The steps on the NNE and WNW sides of the building appear to be cement rendered. The School House building features solid timber French doors however the ones on the upper level opening onto the verandah are glass and timber. Most French doors have fanlight windows above them. There are also a couple of heavy timber panelled doors. The original front entrance door has been replaced by a glass sliding door, however a panel of the original etched glass that would have surrounded the front door is still visible. Glass and metal louvres have replaced the original windows in the building however an original sash window still exists at the front of the building on the upper storey. Two window openings on the WNW side of the building have been bricked up however the flat arches of these window openings are still visible in the brickwork. The building and an older metal ladder at the ESE end of the front verandah. For comfort some modern features have been added to the building.

== Heritage listing ==
School House was listed on the Queensland Heritage Register on 31 December 2002 having satisfied the following criteria.

The place is important in demonstrating the evolution or pattern of Queensland's history.

The School House, erected 1903–4 as the Townsville Grammar School and as a replacement for the cyclone-damaged 1888 grammar school building on the same site, is important in demonstrating the history of education and the development of grammar schools in Queensland. Townsville Grammar School, opened in 1888, was the only grammar school established in North Queensland, and played an important role in the provision of subsidised secondary education to the North Queensland community, prior to the establishment of state secondary schools. It is also the longest surviving co-educational grammar school in Queensland.
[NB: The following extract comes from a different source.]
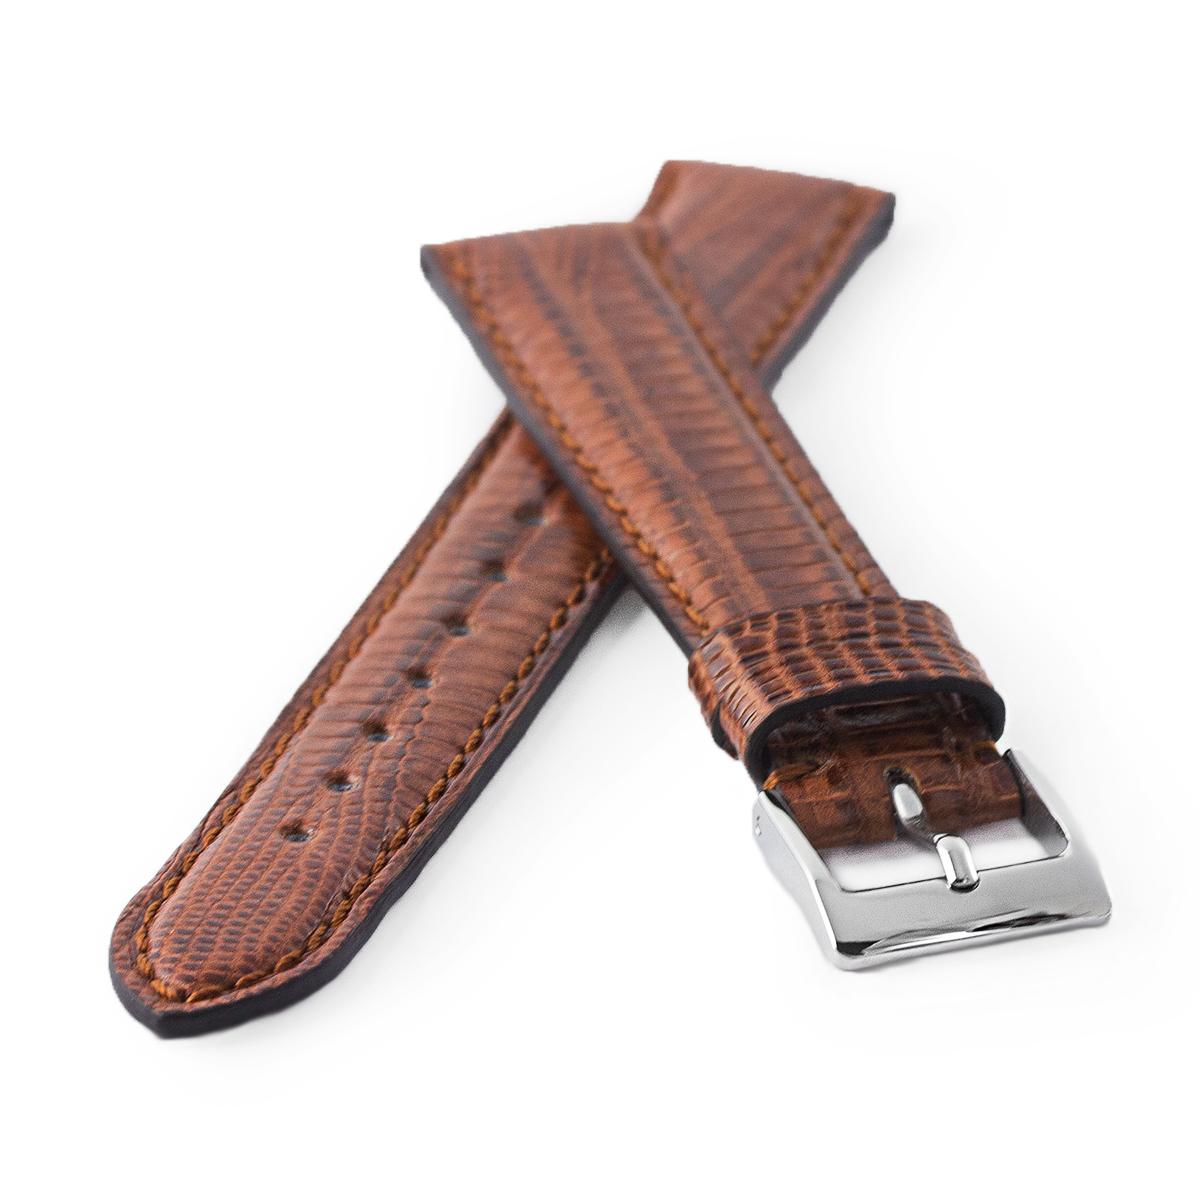 https://www.ebay.de/itm/Uhrenarmband-Kaufmann-Teju-Eidechse-gold-Leder-Armband-/263632141406

The place is also important to the history of Queensland because of its role as an aircraft monitoring and air raid warning centre during the Second World War.

The place is important in demonstrating the principal characteristics of a particular class of cultural places.

School House is important in demonstrating the principal characteristics of an early 20th century grammar school building, including provision for boarders.

The place is important because of its aesthetic significance.

The building is important also in demonstrating the aesthetic achievements of early 20th century tropical architecture.

The place is important in demonstrating a high degree of creative or technical achievement at a particular period.

The building is important also in demonstrating the technical achievements of early 20th century tropical architecture.

The place has a strong or special association with a particular community or cultural group for social, cultural or spiritual reasons.

School House has a special association with the Townsville community and the community of the Townsville Grammar School for social and cultural reasons.

The place has a special association with the life or work of a particular person, group or organisation of importance in Queensland's history.

The place also has a special association with the work of WH Tunbridge, one of North Queensland's leading architects and engineers in the late 19th and early 20th centuries.